LESSON ELEVEN Regression
Build a linear regression model to understand the relationship between independent and dependent variables. Use linear regression results to make a prediction.
LESSON TWELVE Multiple Linear Regression
Use multiple linear regression results to interpret coefficients for several predictors
LESSON THIRTEEN Logistic Regression
Use logistic regression results to make a prediction about the relationship between categorical dependent variables and predictors.
Course 3: Data Wrangling
LESSON ONE Intro to Data Wrangling
Identify each step of the data wrangling process (gathering, assessing, and cleaning). Wrangle a CSV file downloaded from Kaggle using fundamental gathering, assessing, and cleaning code.
LESSON TWO Gathering Data
Gather data from multiple sources, including gathering files, programmatically downloading files, web-scraping data, and accessing data from APIs. Import data of various file formats into pandas, including flat files (e.g. TSV), HTML files, TXT files, and JSON files. Store gathered data in a PostgreSQL database.

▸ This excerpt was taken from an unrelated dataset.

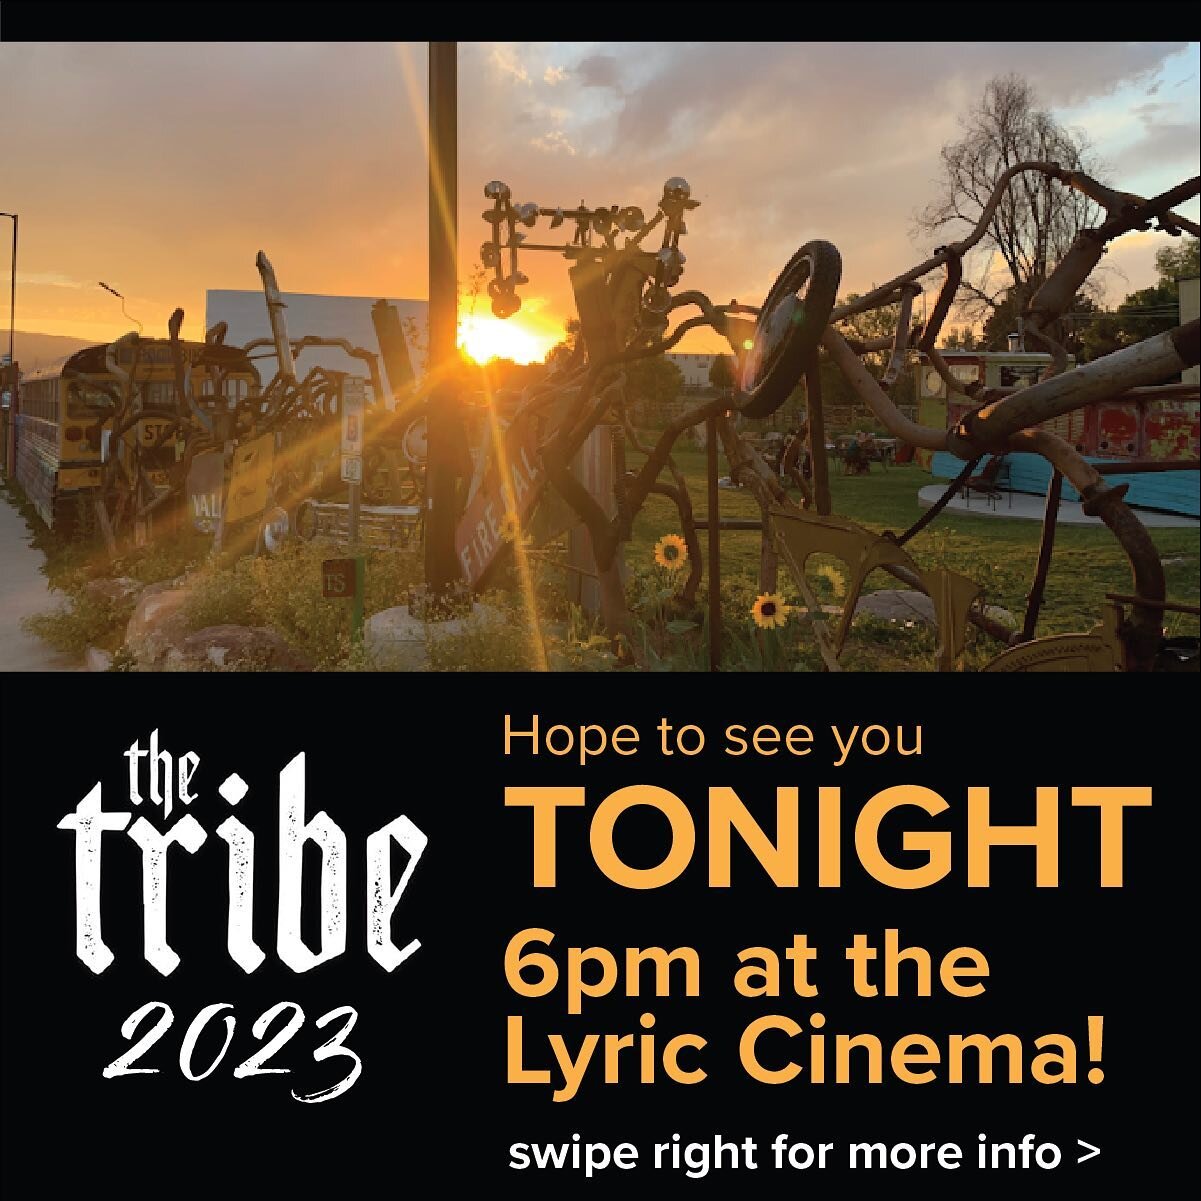 Tonight&rsquo;s the night!!! Hope to see you at 6pm at the Lyric Cinema Cafe!! Please read policies and parking suggestions. Biking encouraged! Whose excited to hang?! Drop a comment if you are psyched!

LESSON THREE Assessing Data
Assess data visually and programmatically using pandas. Distinguish between dirty data (content or “quality” issues) and messy data (structural or “tidiness” issues). Identify data quality issues and categorize them using metrics: validity, accuracy, completeness, consistency, and uniformity.
LESSON FOUR Cleaning Data
Identify each step of the data cleaning process (defining, coding, and testing). Clean data using Python and pandas. Test cleaning code visually and programmatically using Python.

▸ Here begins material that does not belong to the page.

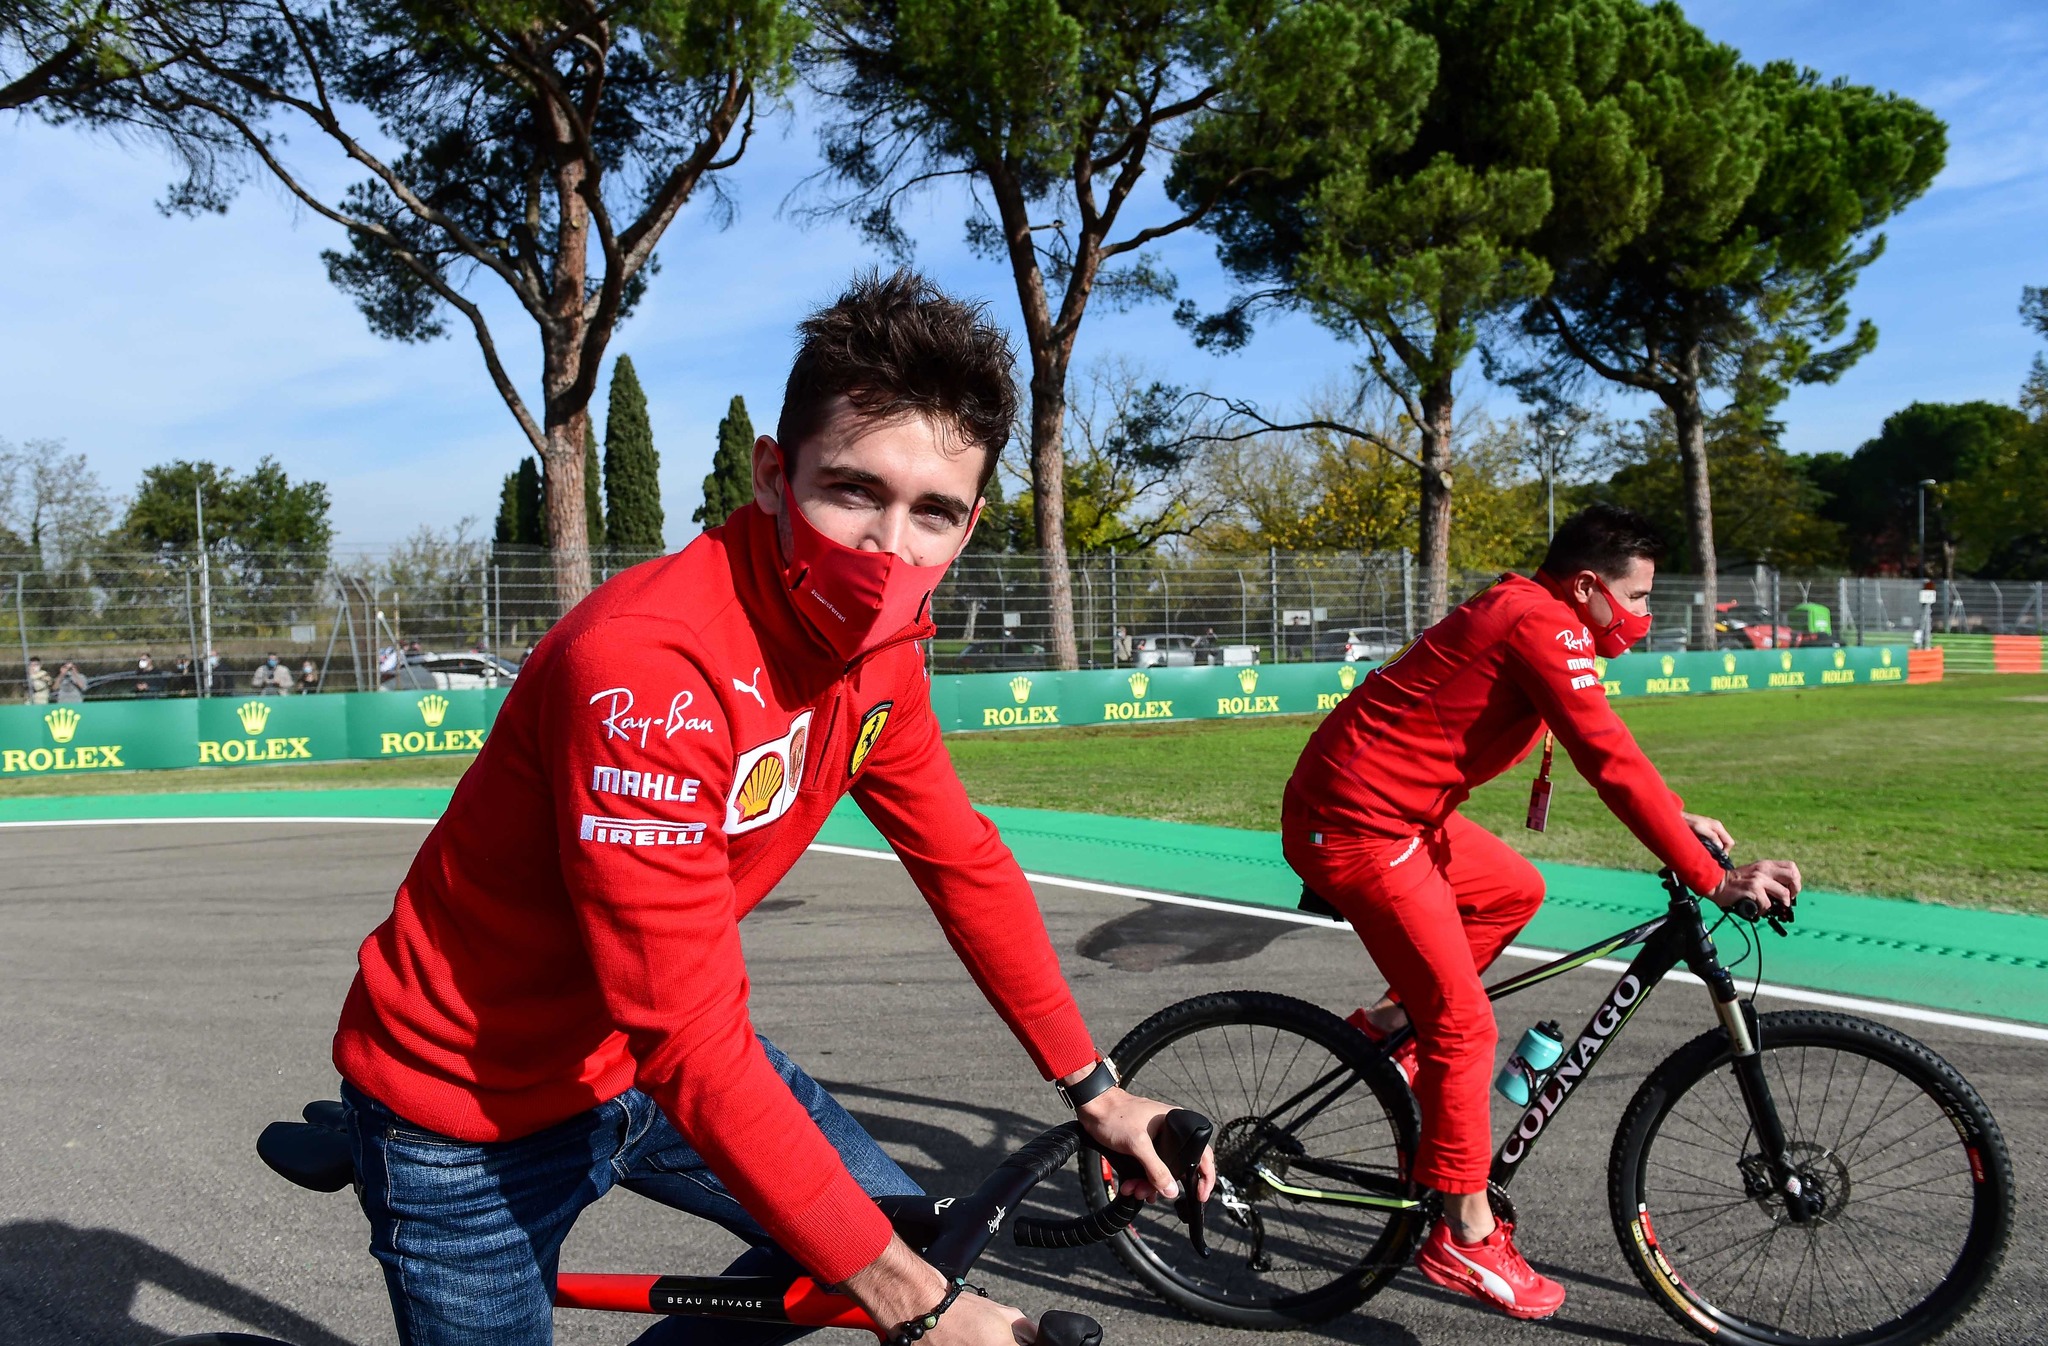 Ferrari's Monegasque driver Charles lt;HIT gt;Leclerc lt;/HIT gt; (L) rides a bike as he inspects the Autodromo Internazionale Enzo e Dino Ferrari race track in Imola, Italy, on October 30, 2020, two days ahead of the Formula One Emilia Romagna Grand Prix. (Photo by Miguel MEDINA / AFP)

Course 4: Data Visualization with Python
LESSON ONE Data Visualization in Data Analysis
Understand why visualization is important in the practice of data analysis. Know what distinguishes exploratory analysis from Explanatory analysis, and the role of data visualization in each.
LESSON TWO Design of Visualizations
Interpret features in terms of level of measurement. Know different encodings that can be used to depict data in visualizations. Understand various pitfalls that can affect the effectiveness and truthfulness of visualizations.
LESSON THREE Univariate Exploration of Data
Use bar charts to depict distributions of categorical variables. Use histograms to depict distributions of numeric variables. Use axis limits and different scales to change how your data is interpreted.
LESSON FOUR Bivariate Exploration of Data
Use scatterplots to depict relationships between numeric variables. Use clustered bar charts to depict relationships between categorical variables. Use violin and bar charts to depict relationships between categorical and numeric variables. Use faceting to create plots across different subsets of the data.
LESSON FIVE Multivariate Exploration of Data
Use encodings like size, shape, and color to encode values of a third variable in a visualization. Use plot matrices to explore relationships between multiple variables at the same time. Use feature engineering to capture relationships between variables.
LESSON SIX Explanatory Visualizations
Understand what it means to tell a compelling story with data. Choose the best plot type, encodings, and annotations to polish your plots. Create a slide deck using a Jupyter Notebook to convey your findings.
LESSON SEVEN Visulization Case Study
Apply your knowledge of data visualization to a dataset involving the characteristics of diamonds and their prices.